Dataset excerpt:
BEGIN
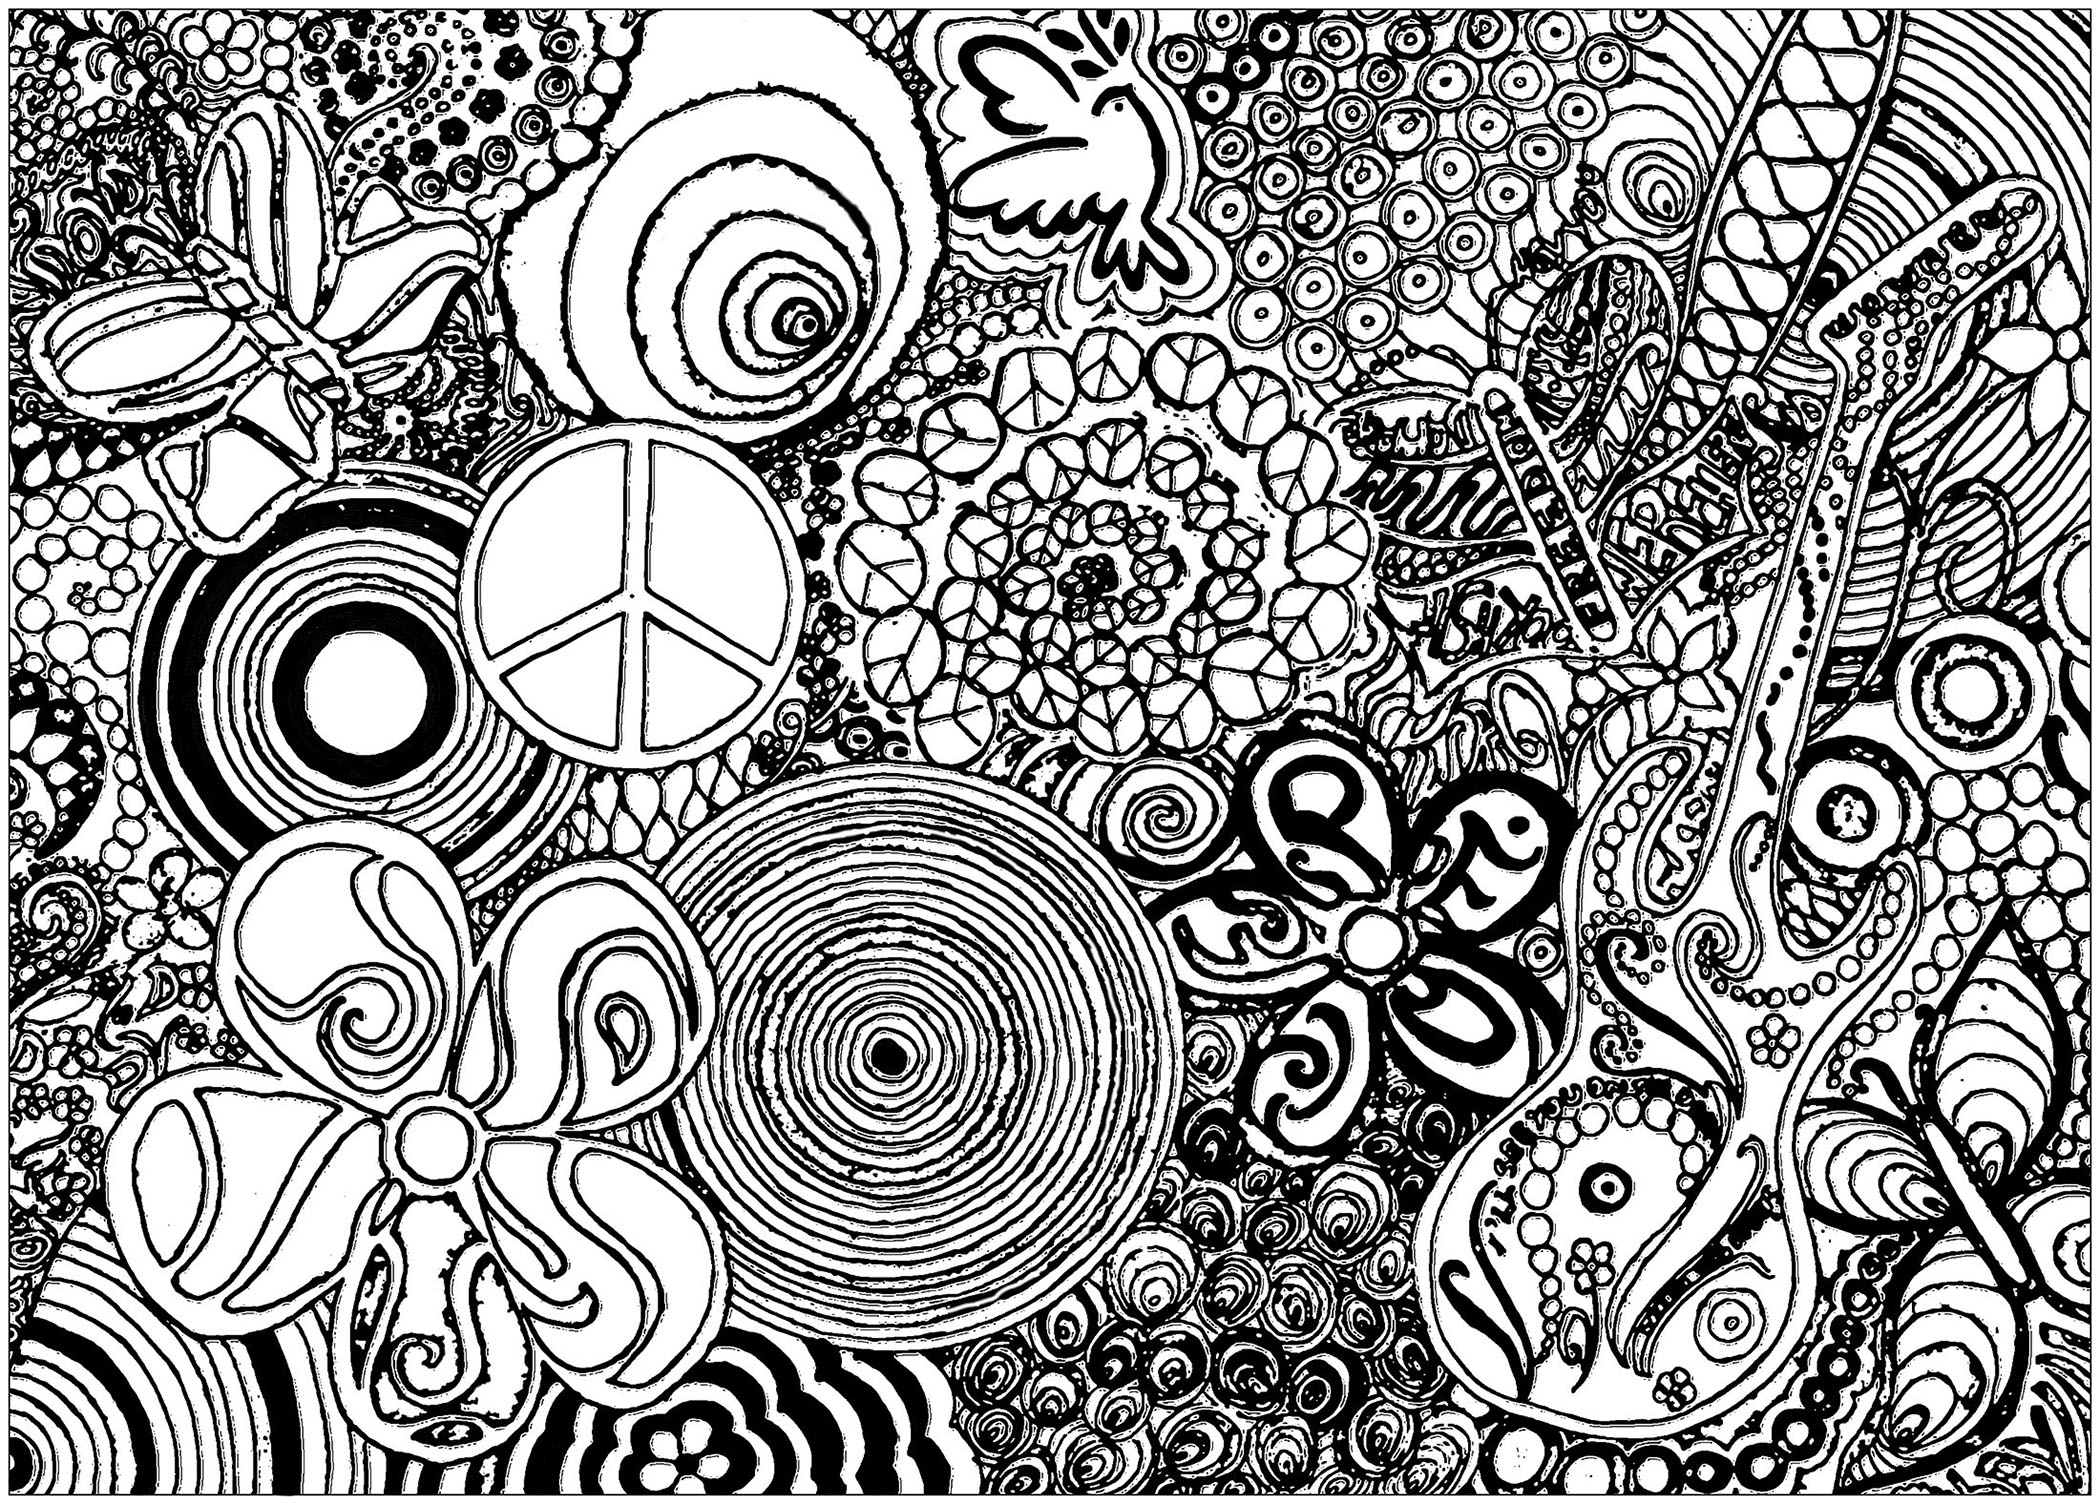 Psychedelic patterns: Color this design and discover symbols related to music and peace. You will discover symbols related to music and peace, and you can lose yourself in the process of coloring and creating. You can feel calm and free, and let your imagination run wild. Let yourself be carried away by this visual journey and let your mind find peace and serenity. This coloring will allow you to reconnect to your soul and spirit and find inner peace.
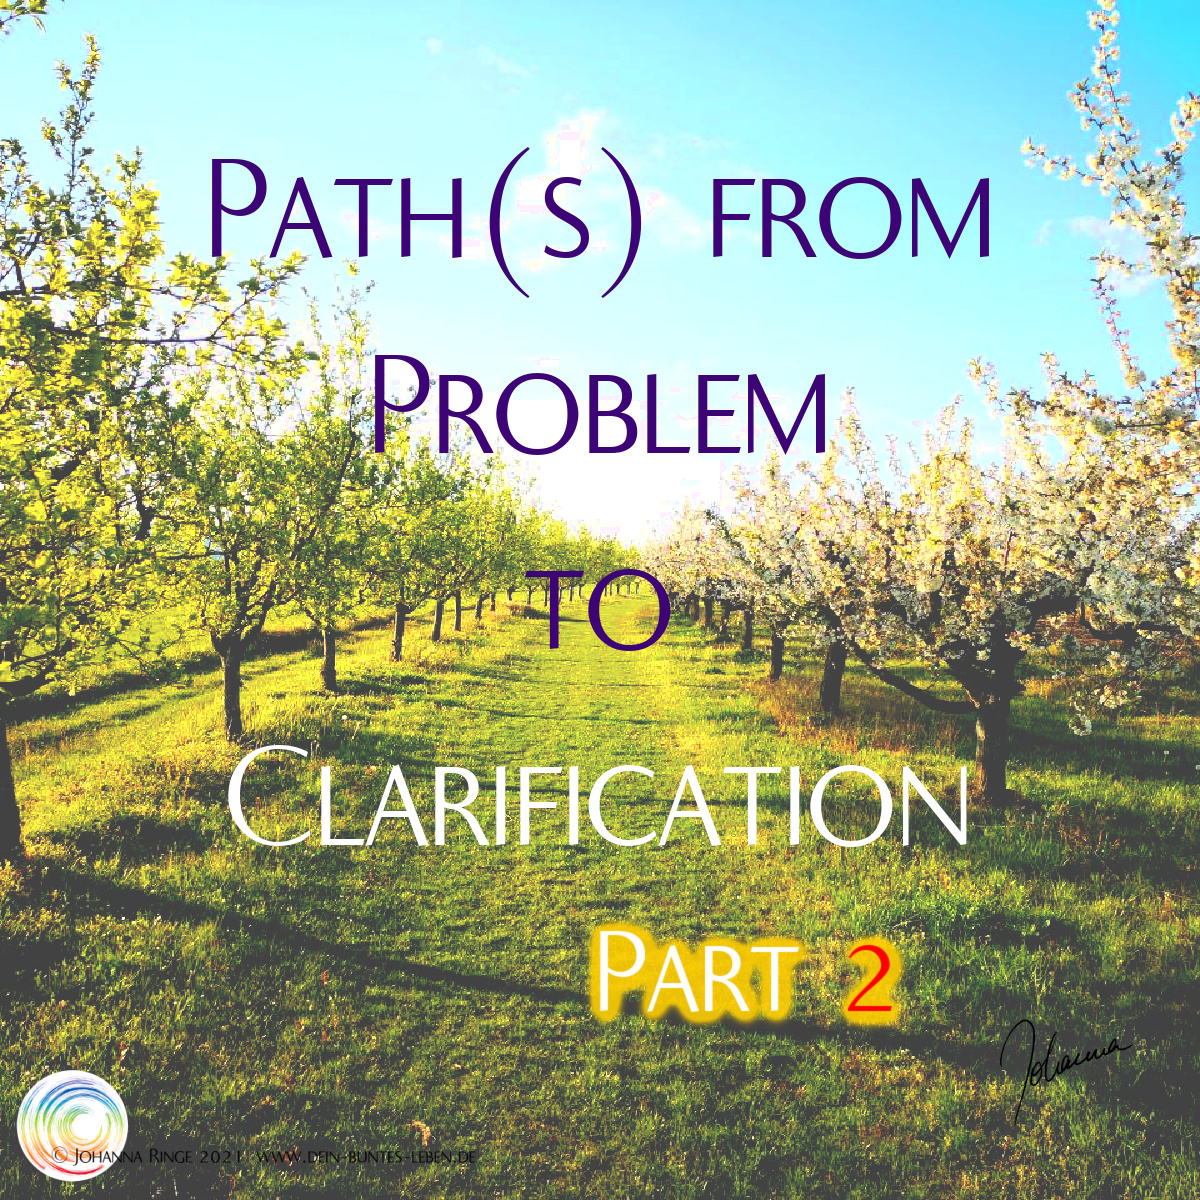 Paths from Problem to clarification Part 2 (text on photo of a flowering alleypath) ©Johanna Ringe 2021 www.johannaringe.com
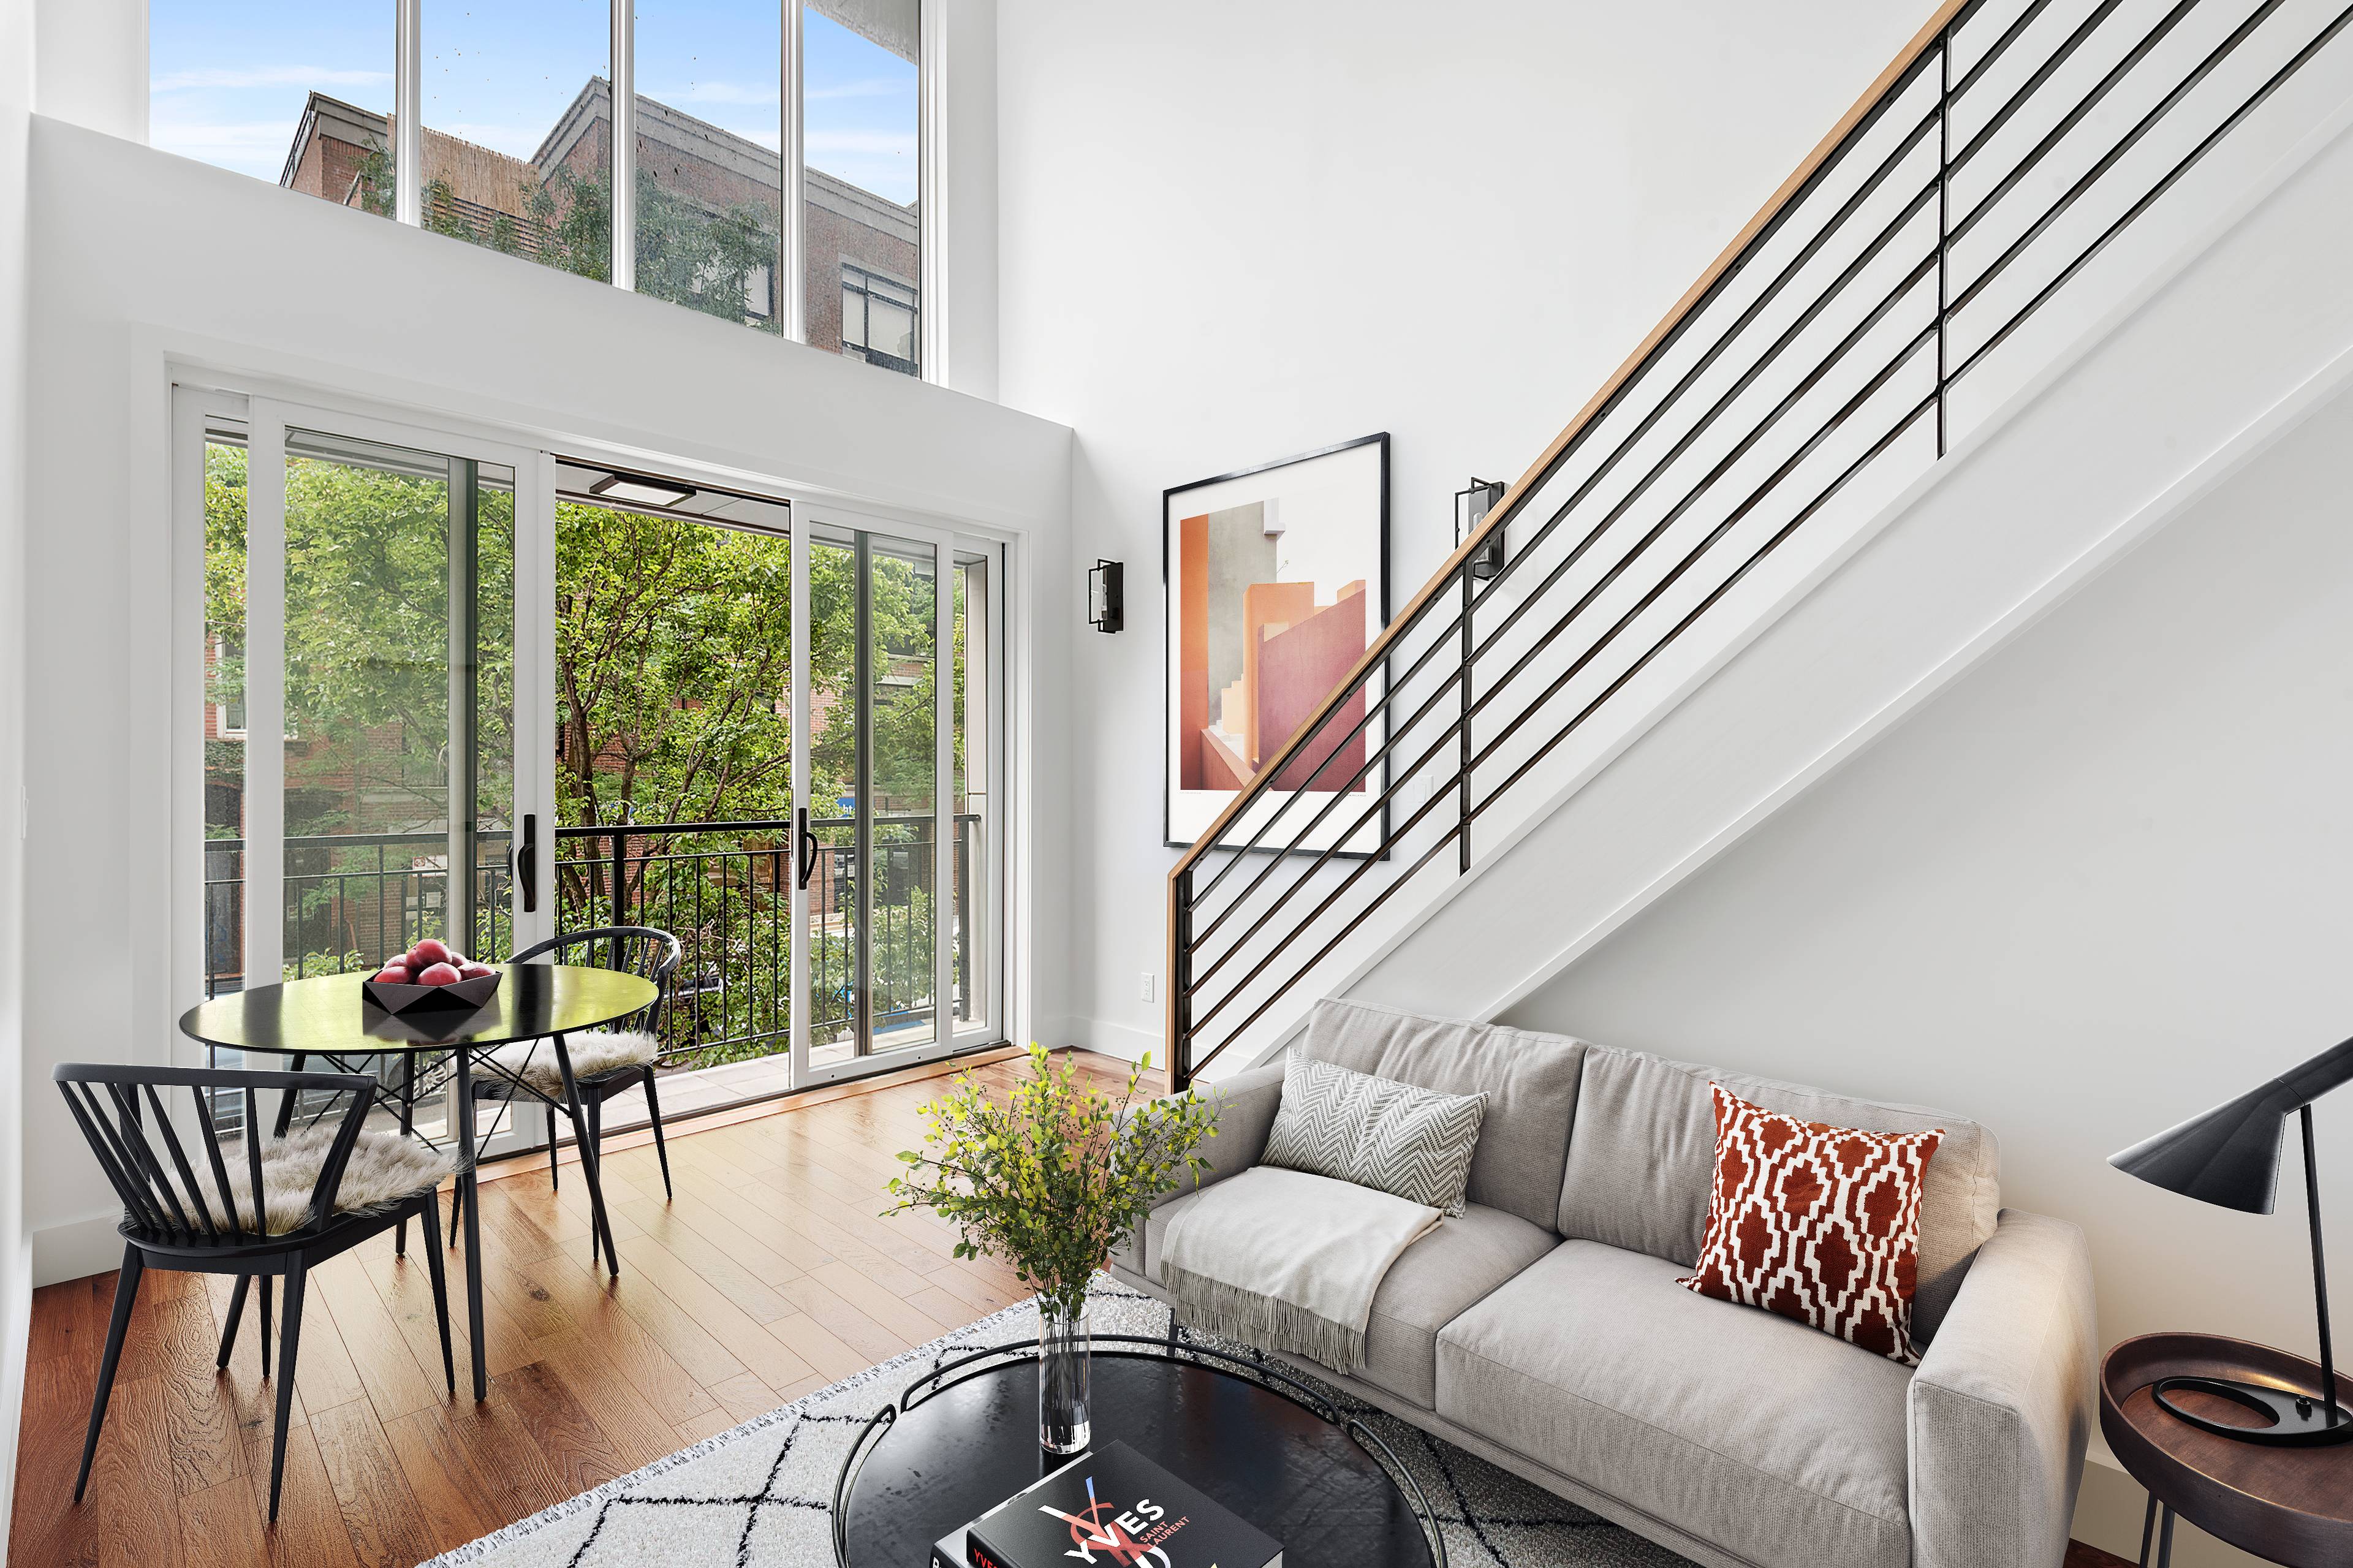 Set in a quiet leafy block of Williamsburg with easy access to Manhattan via the L train, 25 Hope Street is a newly constructed boutique rental building that embodies the ...
END
Directions for this task: Write out, word for word, the lines from the start of the data through the one holding "Paths from Problem". Omit pictures.

Expected answer:
 Psychedelic patterns: Color this design and discover symbols related to music and peace. You will discover symbols related to music and peace, and you can lose yourself in the process of coloring and creating. You can feel calm and free, and let your imagination run wild. Let yourself be carried away by this visual journey and let your mind find peace and serenity. This coloring will allow you to reconnect to your soul and spirit and find inner peace.
 Paths from Problem to clarification Part 2 (text on photo of a flowering alleypath) ©Johanna Ringe 2021 www.johannaringe.com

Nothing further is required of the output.